• Backups for Google Calendar – a ruby application

    I admit I’ve not been so busy posting the to blog this year. One thing that’s kept me busy has been learning Ruby on Rails making my first opensource application.

    I’m a hobby programmer, so the idea of sharing my code is worrying. I’m sure there are lots of errors, bad practice and so on. On the other hand, I had a problem to solve at work and the application I wrote may help others. I use lots of open source applications for home and work so it seems only right to share my efforts with others.

    What have I created? An application that backs up google calendars for all of our office users.

    Why? Because occasionally we delete something we didn’t mean too. For example Mrs X phones up to cancel an appointment with Mr A. Mr A is out of the office but Mr B can edit Mr A’s calendar, so deletes the appointment. Except Mr A had all the Mrs X contact information on that appointment and hadn’t yet created our own internal computer record. We’ve no longer got any way of contacting Mrs X.

    How? The application I wrote reads the Private XML feed of a google calendar. That contains the most recent newly created or amended appointments. I check each entry in that feed to see if it’s new, or if it’s an existing appointment that’s been modified.
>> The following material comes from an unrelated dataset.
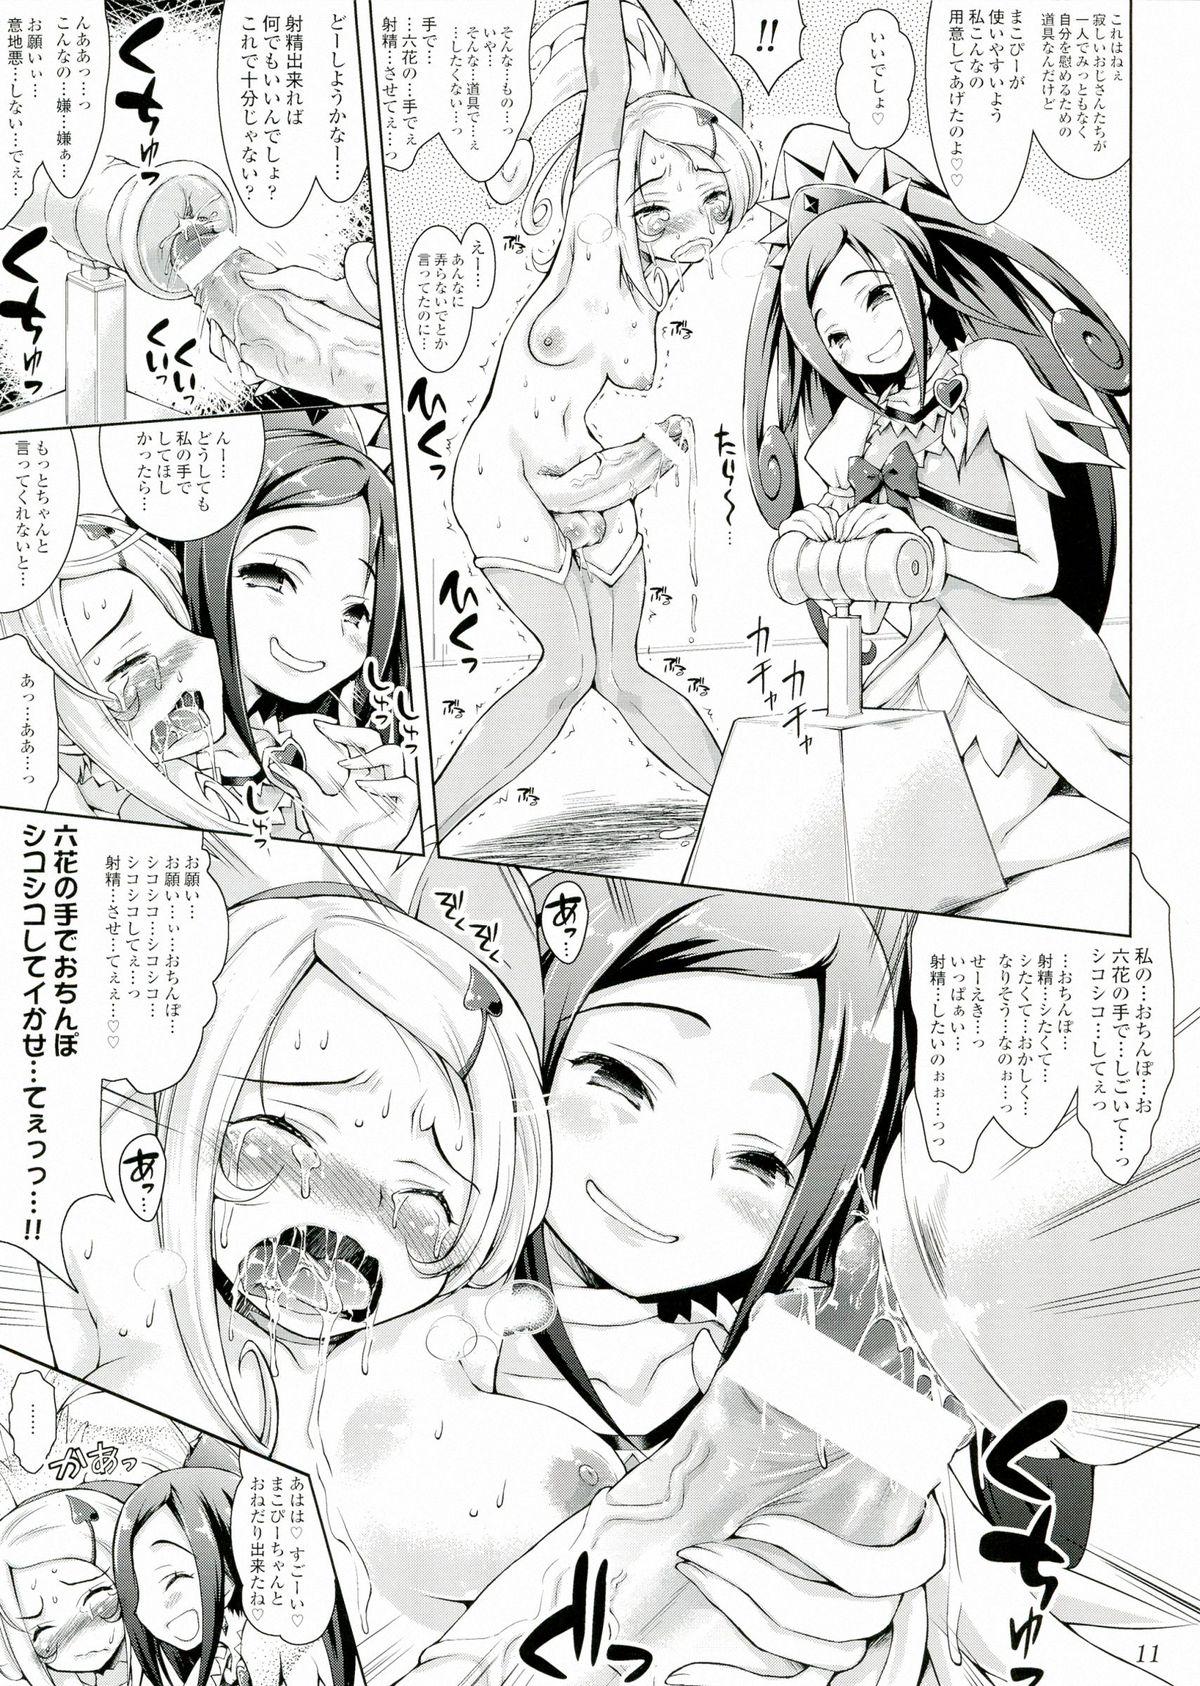 Lesbian Makopi- ni Haeteta Chinpo wa Rikka ni Ijime rareru to Nando demo Shasei shichau no - Dokidoki precure Creamy - Page 11

If they are new or modified, I add them to a database. If they’re old and unchanged, I ignore them.

    One thing to note – it doesn’t restore appointments. As you’ve got all the content though, it shouldn’t be so difficult to add it again should you need to.

    Where to get it? I’ve shared it through github – http://github.com/steveroot/Google-Calendar-Backup


  • CRON – multiple cron jobs on one line (running consecutively, not concurrently)

    This post will (hopefully) remind me in the future how to do something very simple.

    A crontab is normally running one command on each line. EG:

    # m h dom mon dow command
    01 00 * * * /home/cronscripts/vine-warn-when-large-user-profile
    05 00 * * * /home/cronscripts/vine-get-remote-pc-backup.sh
    01 01 * * * /home/cronscripts/vine-samba-users
    01 02 * * * /home/cronscripts/vine-database-backups

    So the above jobs run at 00:01, then 00:05, then 01:01am then 02:01am.

    Instead, I can run these cron tasks one after the other by putting && between each task. EG:

    # m h dom mon dow command
    01 00 * * * /home/cronscripts/vine-warn-when-large-user-profile && /home/cronscripts/vine-get-remote-pc-backup.sh && /home/cronscripts/vine-samba-users && /home/cronscripts/vine-database-backups

    So these jobs start running at 00:01am. When vine-warn-when-large-user-profile finishes, vine-get-remote-pc-backup.sh starts immediately, and so on.

    Why is this useful?

    I have several backup scripts for our linux servers. Each script creates a tar archive of a directory, compresses it, SFTP’s it off site, then deletes the tar archive from the server.

    If the scrips all run at the same time, the server runs out of disk space. I need them to run one after the other. I can’t effectively guess when to start each one. The backup can’t start until after midnight and must be finished by 7am when users are likely to start work again. Some directories can take minutes to archive, compress, send, delete. Others can take 2 or 3 hours. One server also collects backups from a couple of other places, so that script has to complete before others start too.

    Running this scripts concurrently means no useful transfer time is lost and I don’t have to guess the time each script will take to run.


  • cciss-vol-status on Ubuntu didn't work, it was cciss_vol_status

    In the hope I find this post next time I’m trying to monitor a SmartArray drive controller, A fresh install of Ubuntu 10.04, installing package cciss-vol-status didn’t seem to work. I couldn’t even find the file on the system using ‘locate’.

    For some reason, it installed as cciss_vol_status (using underscores instead of hyphens).